▶ [Problem statement]:
Go through the listing that follows and write it out exactly. Drop the pictures.
Data provided START
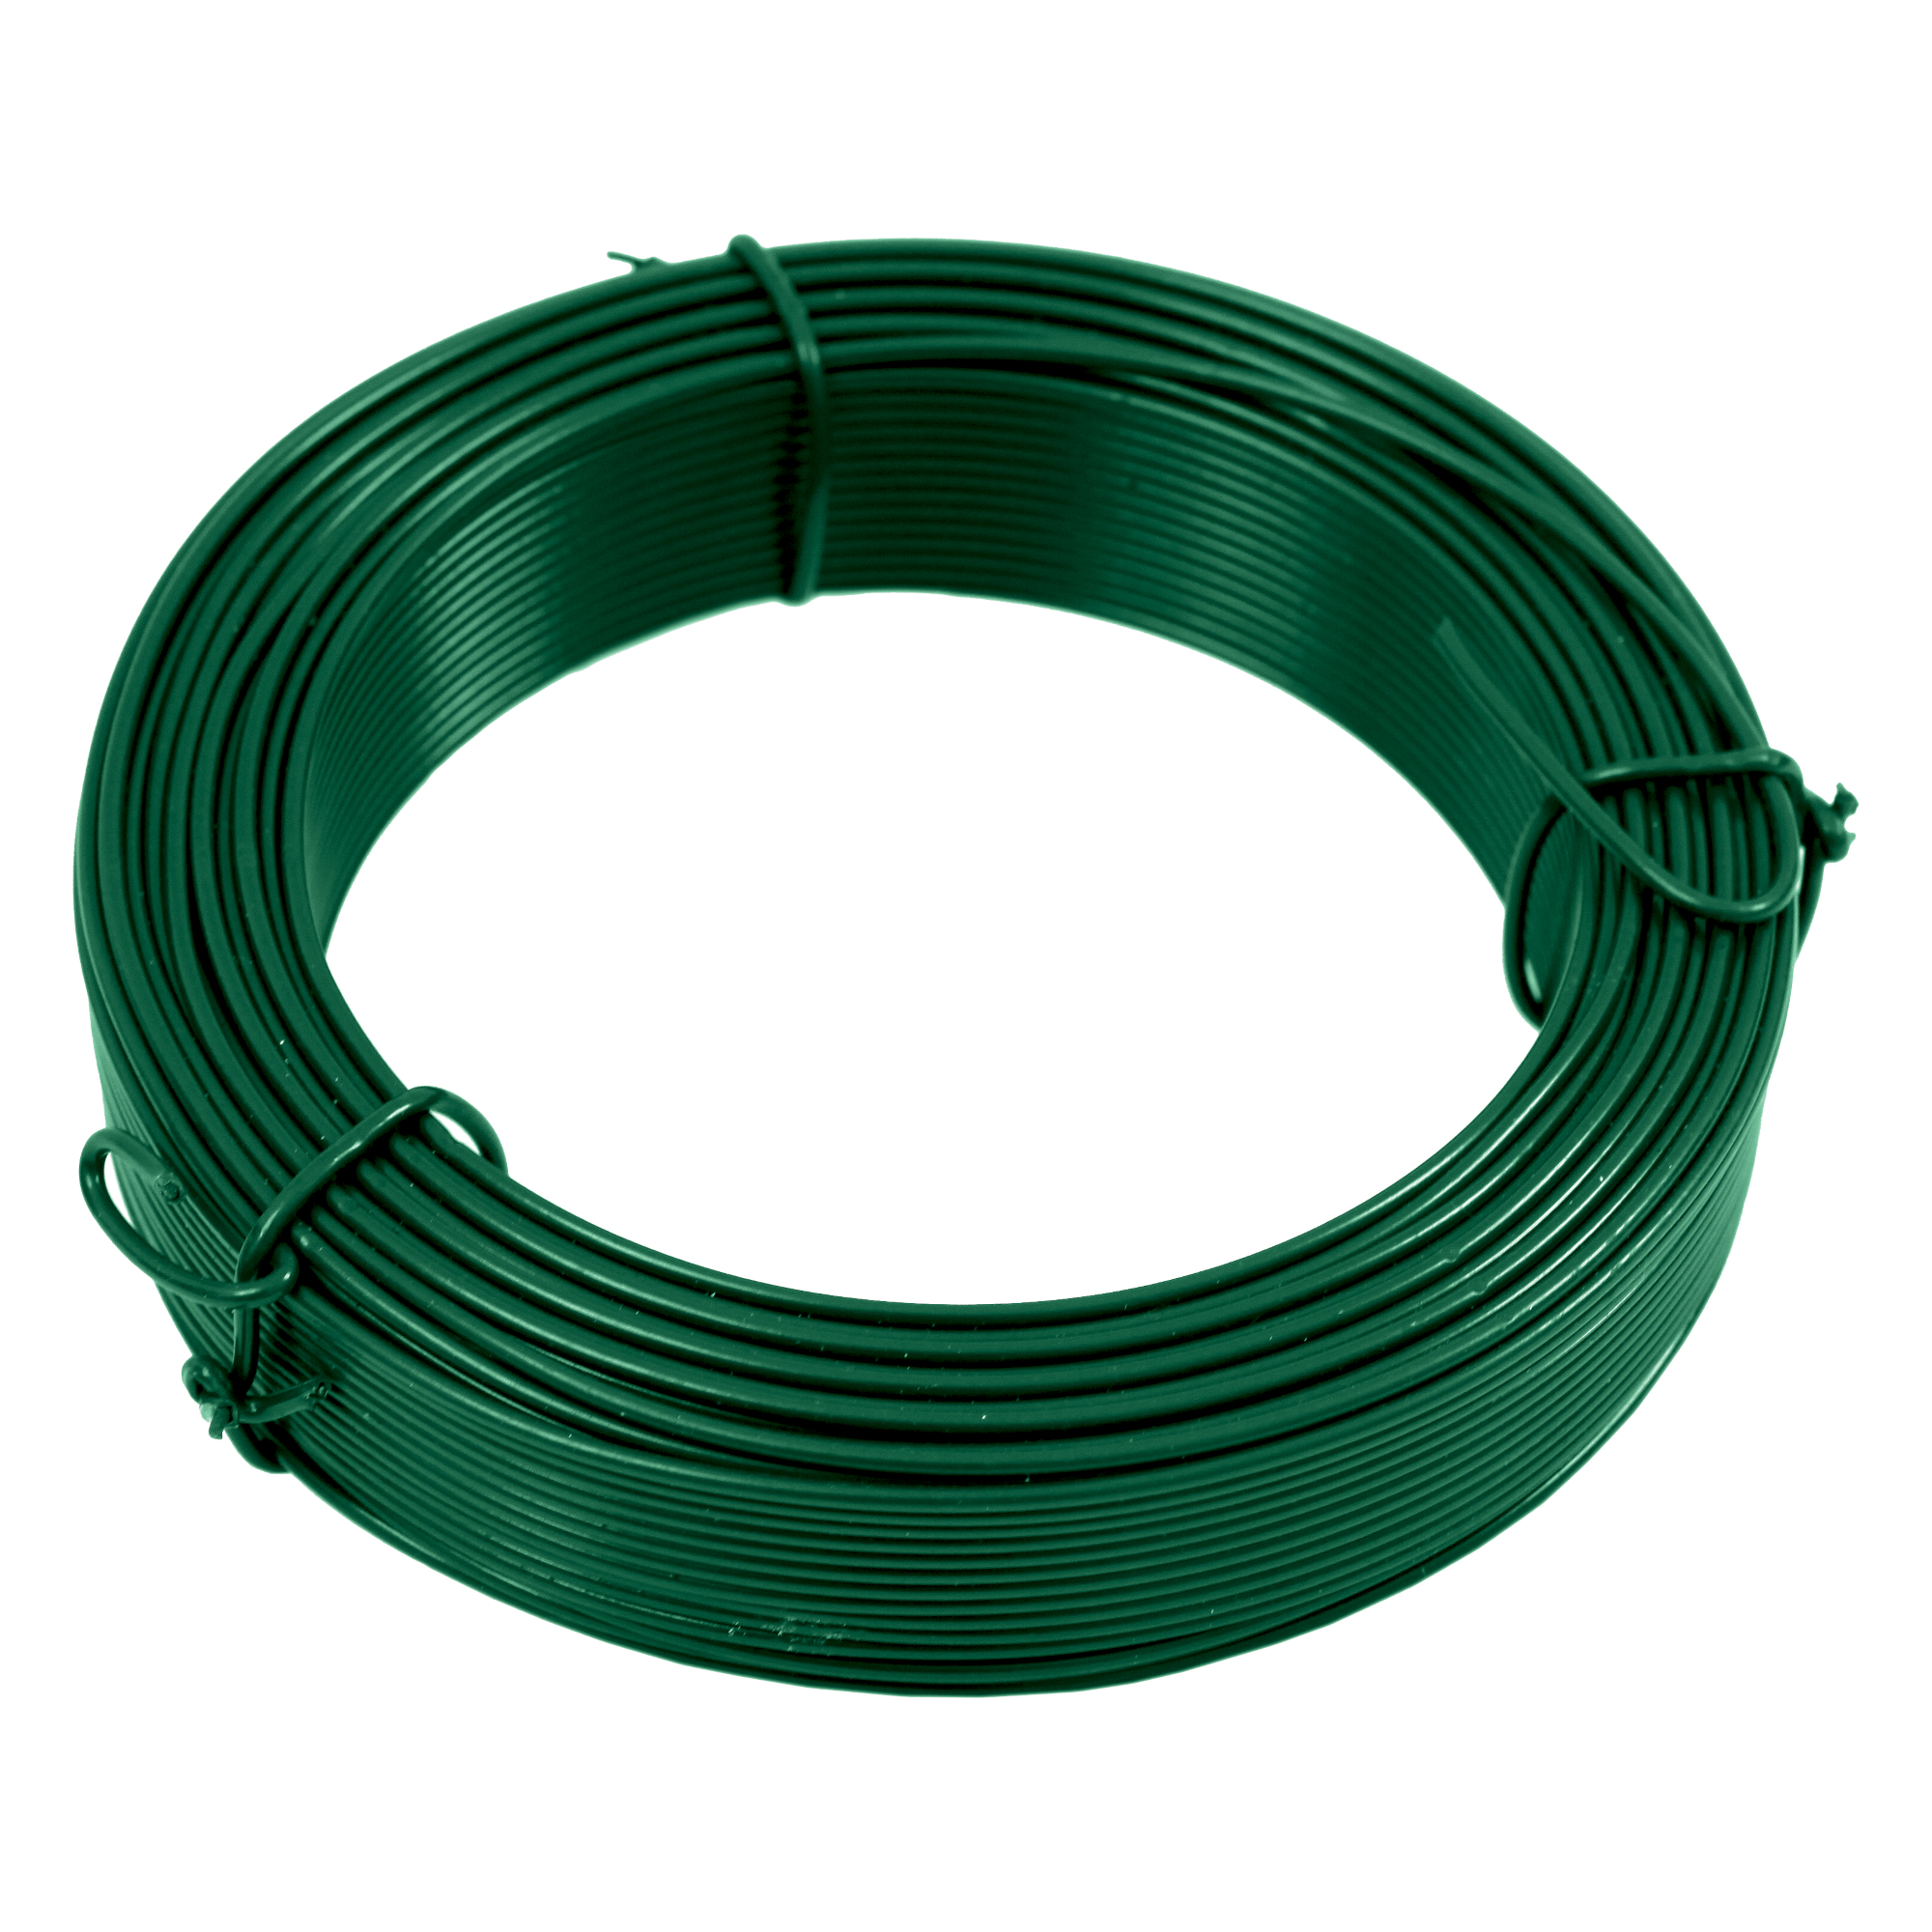 Drát vázací Zn + PVC zelený průměr drátu 2,6 mm délka 25 m
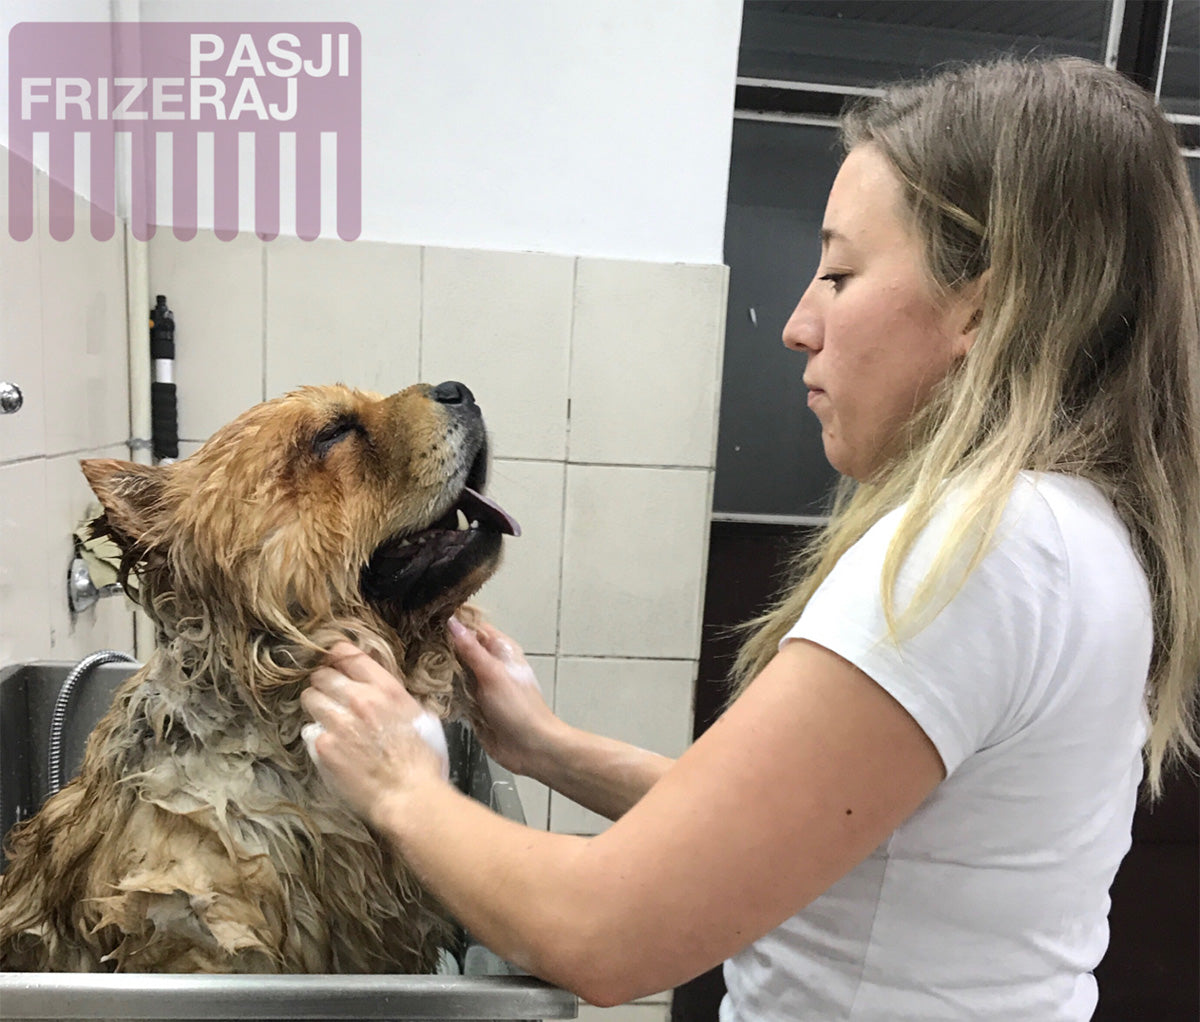 Kopanje psa z naravnim in kvalitetnim pasjim šamponom
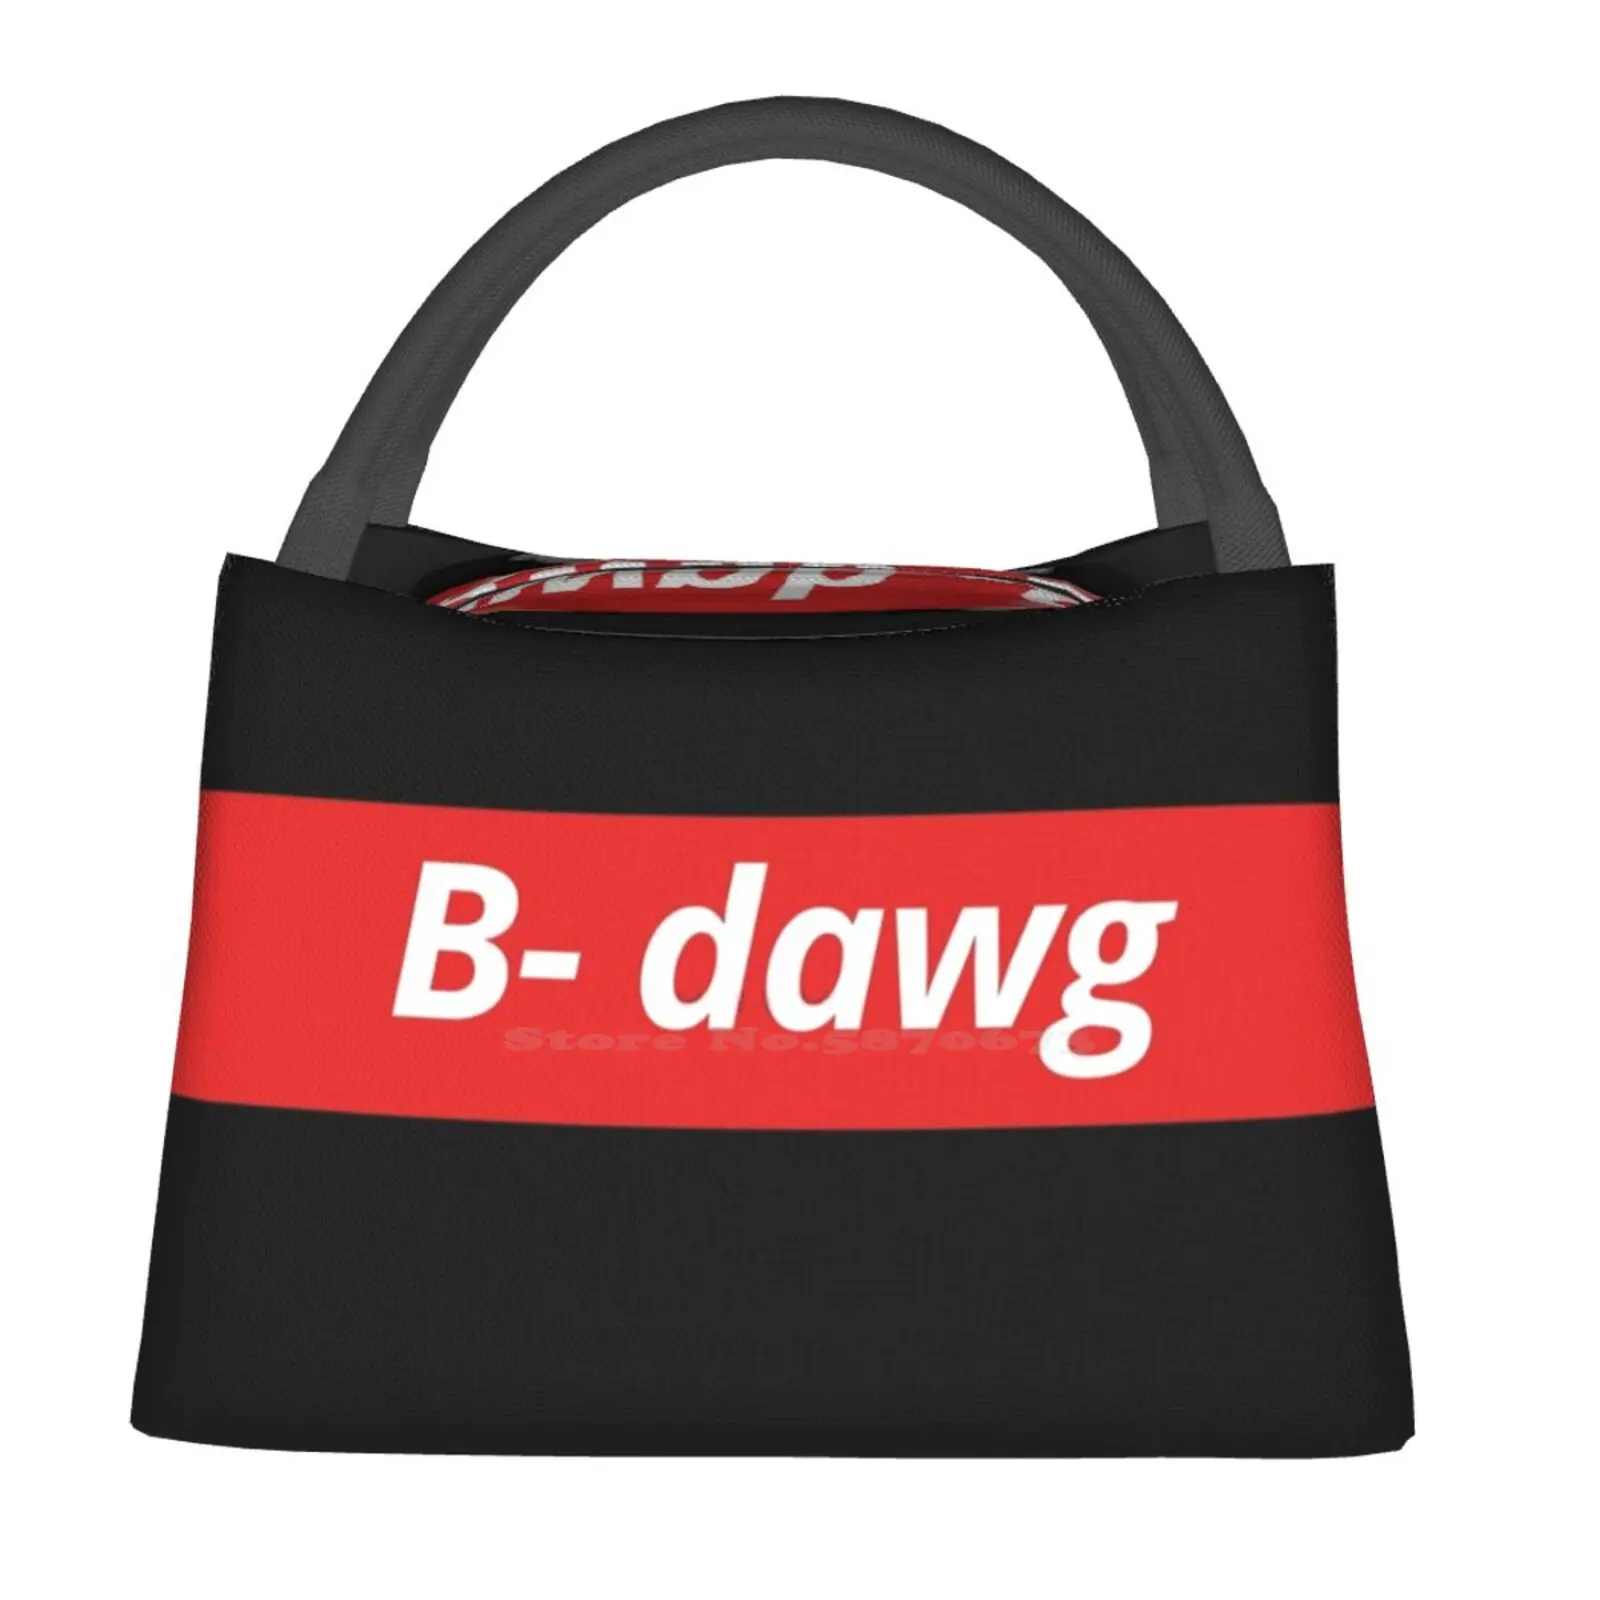 

Термоизолированная сумка-холодильник B-Dawg, подарок на заказ, супер плохой, низкий уровень жизни, красный логотип нравственного человека
Data provided END
▶ [Written answer]:
 Drát vázací Zn + PVC zelený průměr drátu 2,6 mm délka 25 m
 Kopanje psa z naravnim in kvalitetnim pasjim šamponom

Термоизолированная сумка-холодильник B-Dawg, подарок на заказ, супер плохой, низкий уровень жизни, красный логотип нравственного человека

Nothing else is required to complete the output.